Task: Below is a listing; print exactly its lines from the one containing "Silver pine tree, silver" down to the one containing "Mortal Kombat 1", both inclusive, with every picture left out.

Dataset excerpts:
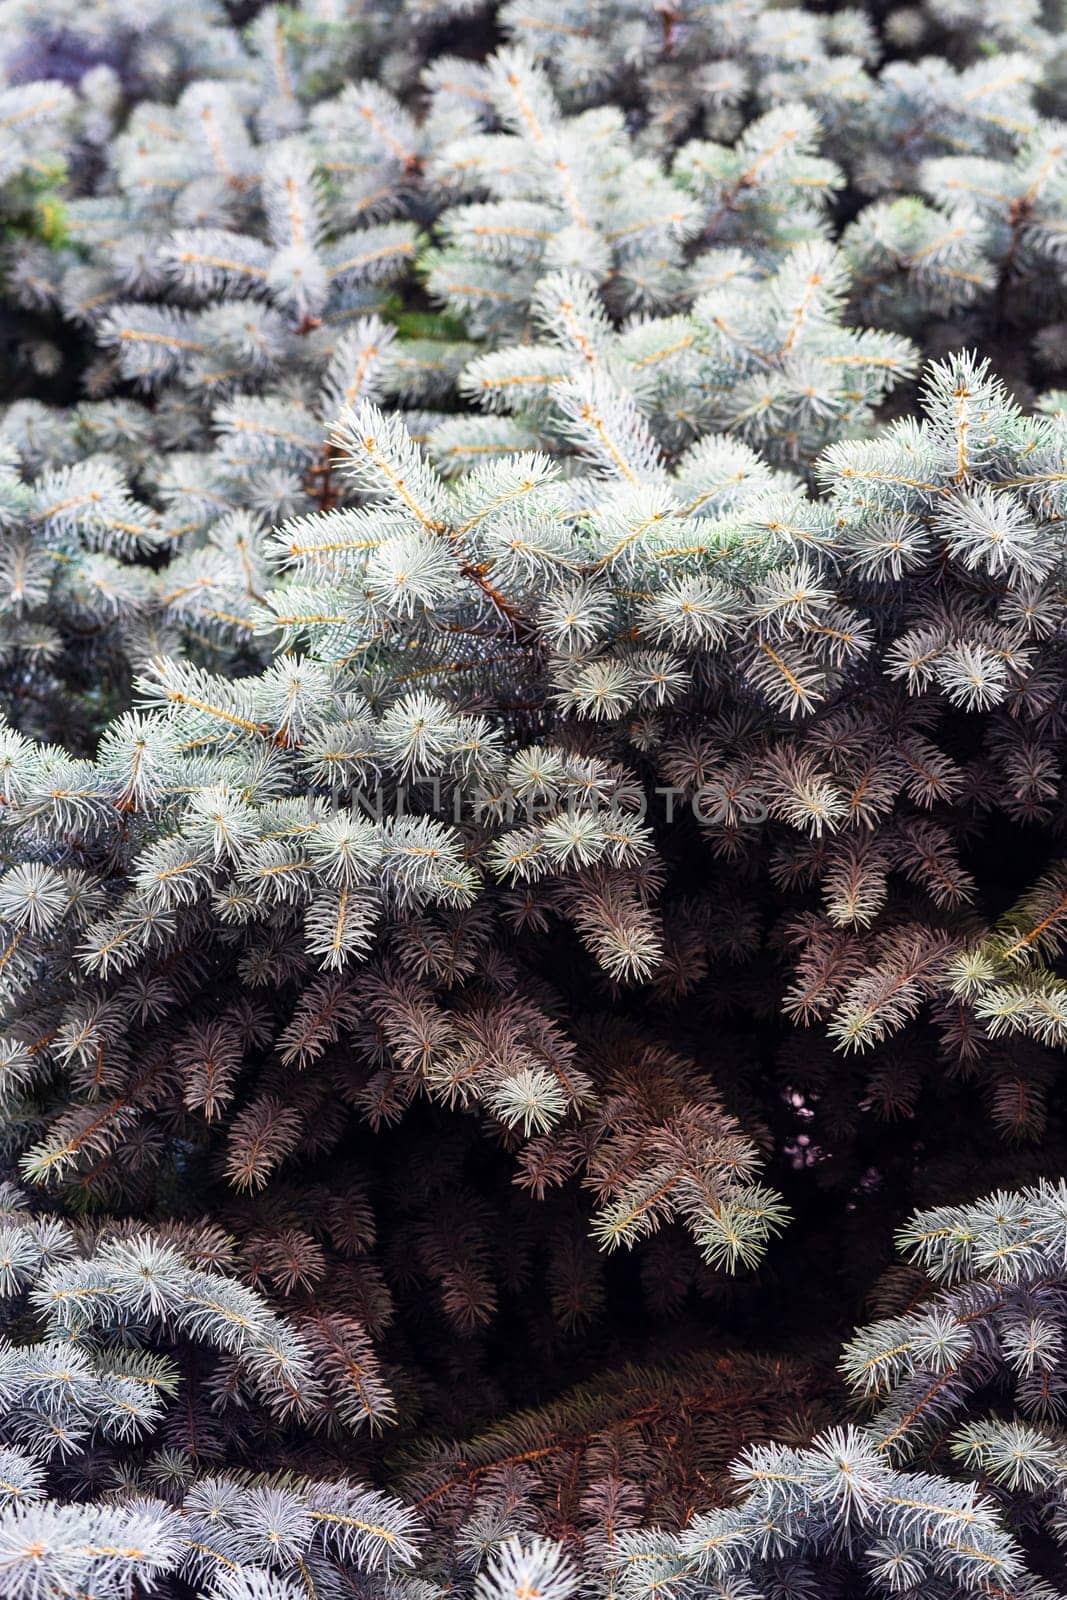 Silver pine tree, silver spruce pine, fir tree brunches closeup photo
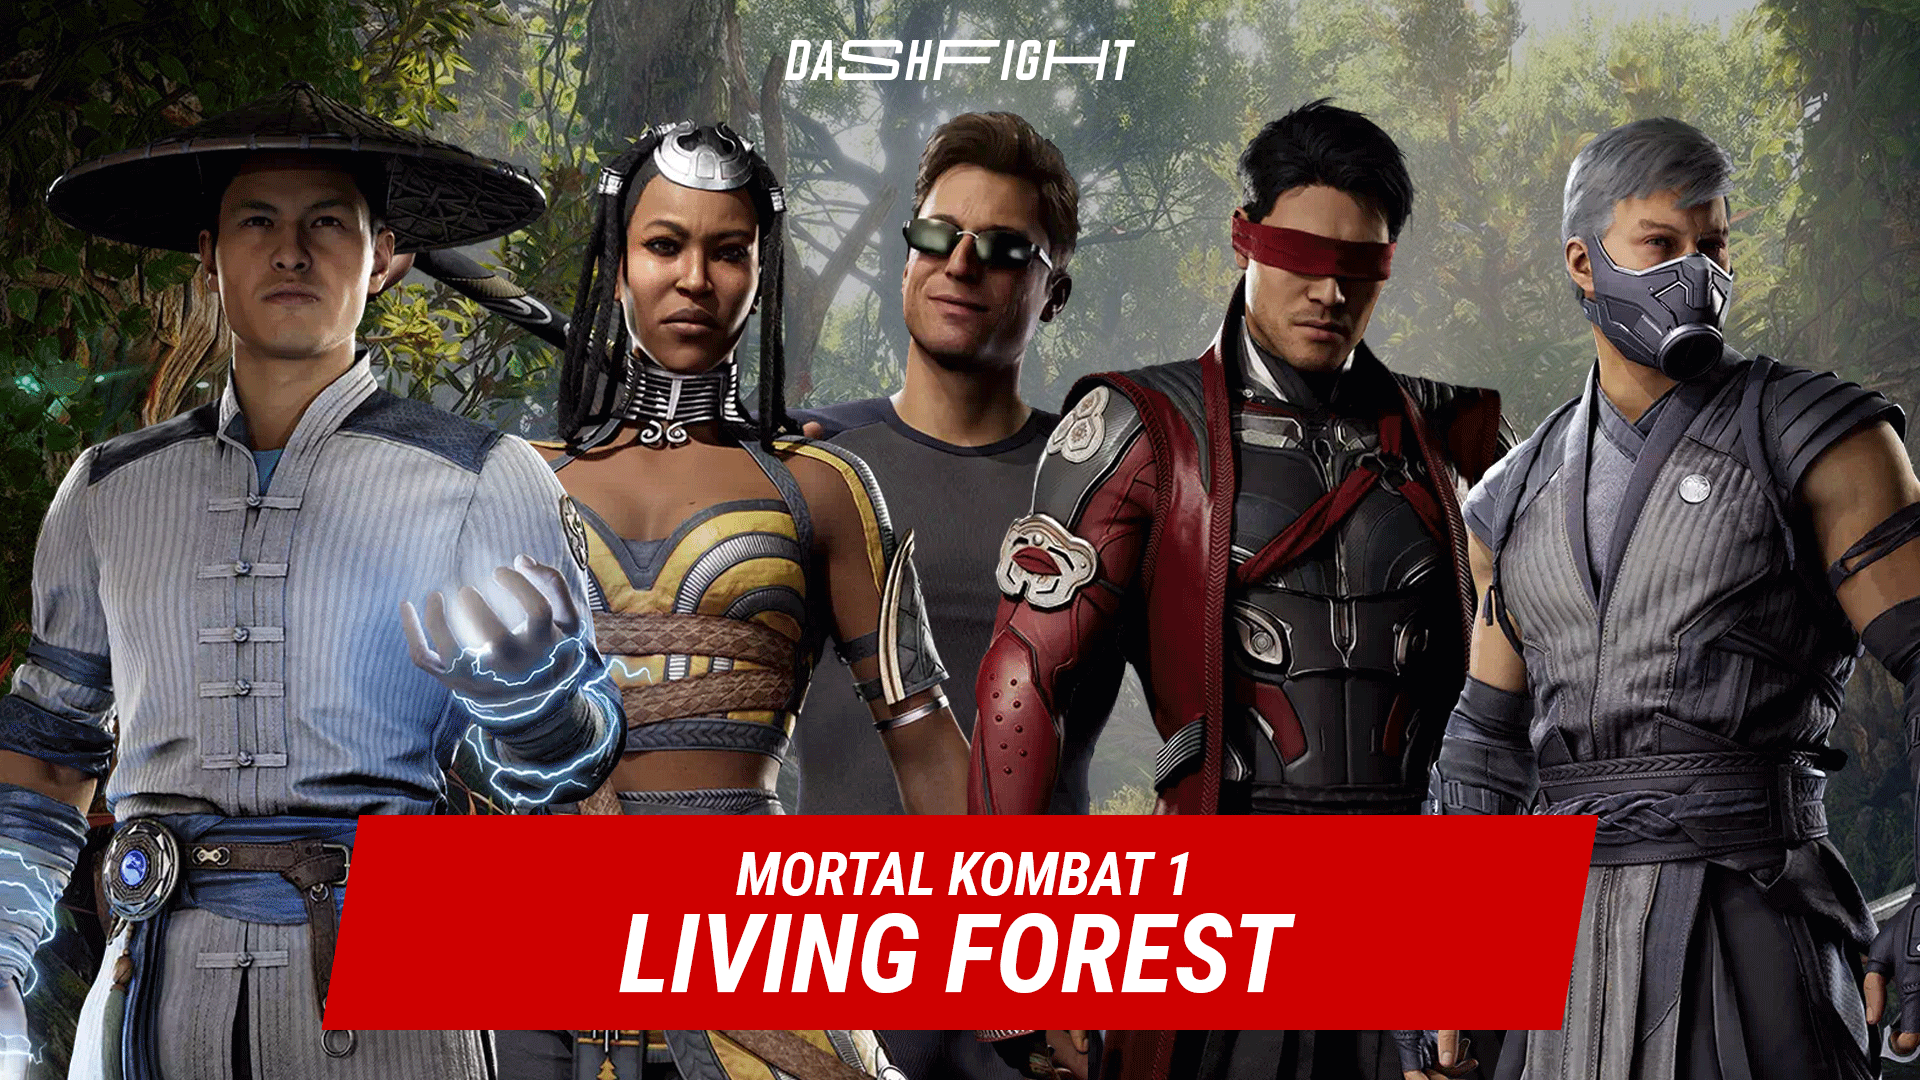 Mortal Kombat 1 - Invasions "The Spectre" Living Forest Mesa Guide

* * *

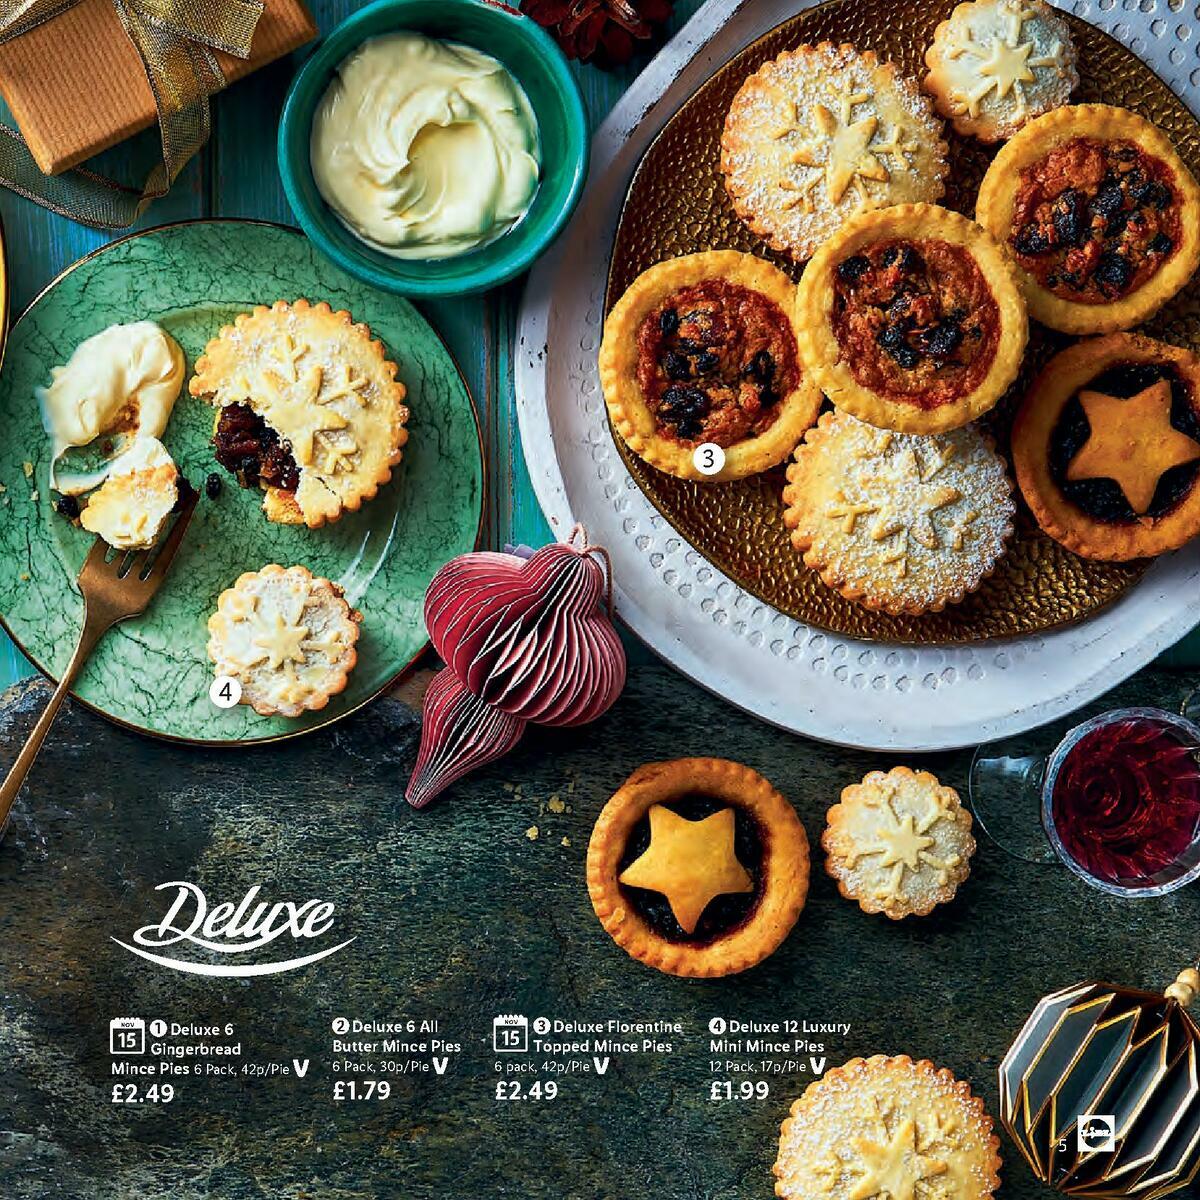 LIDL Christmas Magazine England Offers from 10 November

Exercise result:
 Silver pine tree, silver spruce pine, fir tree brunches closeup photo
 Mortal Kombat 1 - Invasions "The Spectre" Living Forest Mesa Guide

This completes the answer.